The novel coronavirus pandemic has brought about a new standard for facility hygiene. As the world recovers, businesses need to protect staff and customers during and after reopening. Building service contractors (BSCs) and facility managers should review current practices, products, and tools. Before implementing new processes, review your hygiene standards with industry experts who can help ensure the appropriate level of surface hygiene—cleaning, sanitizing, and disinfection—is identified for each surface.
Cleaning versus sanitizing versus disinfecting
Though these words are often used interchangeably, there are important differences between cleaning, sanitizing, and disinfecting.
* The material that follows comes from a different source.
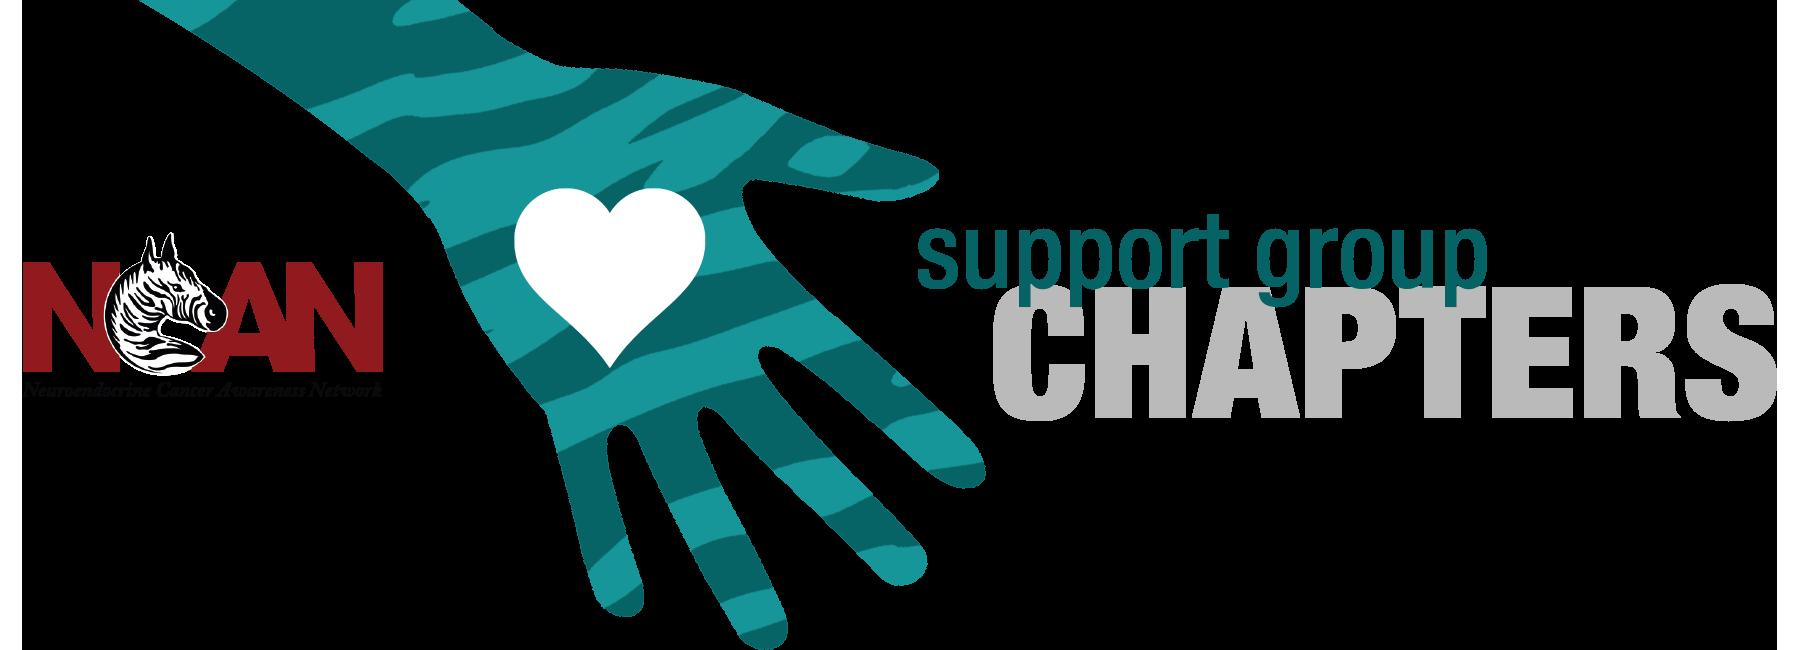 NCAN Support Group-Carolinas-Charleston Chapter

Cleaning removes soil from a surface, but makes no specific claims about killing disease-causing organisms. Cleaning assumes that the process will remove many of the organisms on the surface, but also assumes small numbers of organisms after cleaning would be acceptable. Sanitizing kills surface bacteria to help ensure that there are very low levels of disease-causing bacteria left on surfaces, but makes no claims about fungi or viruses. Disinfecting has the power to kill bacteria and fungi and inactivates viruses and at a much higher level than sanitizing. Sanitizing provides a 3-log reduction to bacteria and disinfecting provides a 6-log reduction, with each log being a factor of 10.
In other words, after cleaning there may be organisms left on the surface, but the surface may have an acceptable level of hygiene for certain uses. The concern is more about soil removal than eliminating a certain level of organisms. Sanitizing is used when there is a higher level of concern about the surface. If there were 1,000 bacteria on the surface prior to sanitizing, there would only be a few after sanitizing. For disinfecting, if there were 100,000 bacteria on the surface, there would only be a few after disinfecting.
Anytime there is visible or “gross soil” on a surface, employees must first clean before disinfecting or sanitizing. When disinfecting a surface, you can use a disinfectant to clean, but must apply it twice, first to clean and then to disinfect. Using a disinfectant that has been through a standardized test method allows you to clean and disinfect in one step when there is no visible soil on the surface and when allowed by the product label. Check the label to confirm it is a one-step product. The same considerations also apply to sanitizing non-food contact surfaces.
Some disinfectants are also labeled to be used as a sanitizer. Sanitizing with disinfectants may be achieved by using a different dilution (for a concentrate), following a different contact time, or applying it on soft surfaces (if allowed by the product label). Knowing the nuances of how a certain product should be used to achieve a desired outcome is key to optimizing the performance of sanitizers and disinfectants.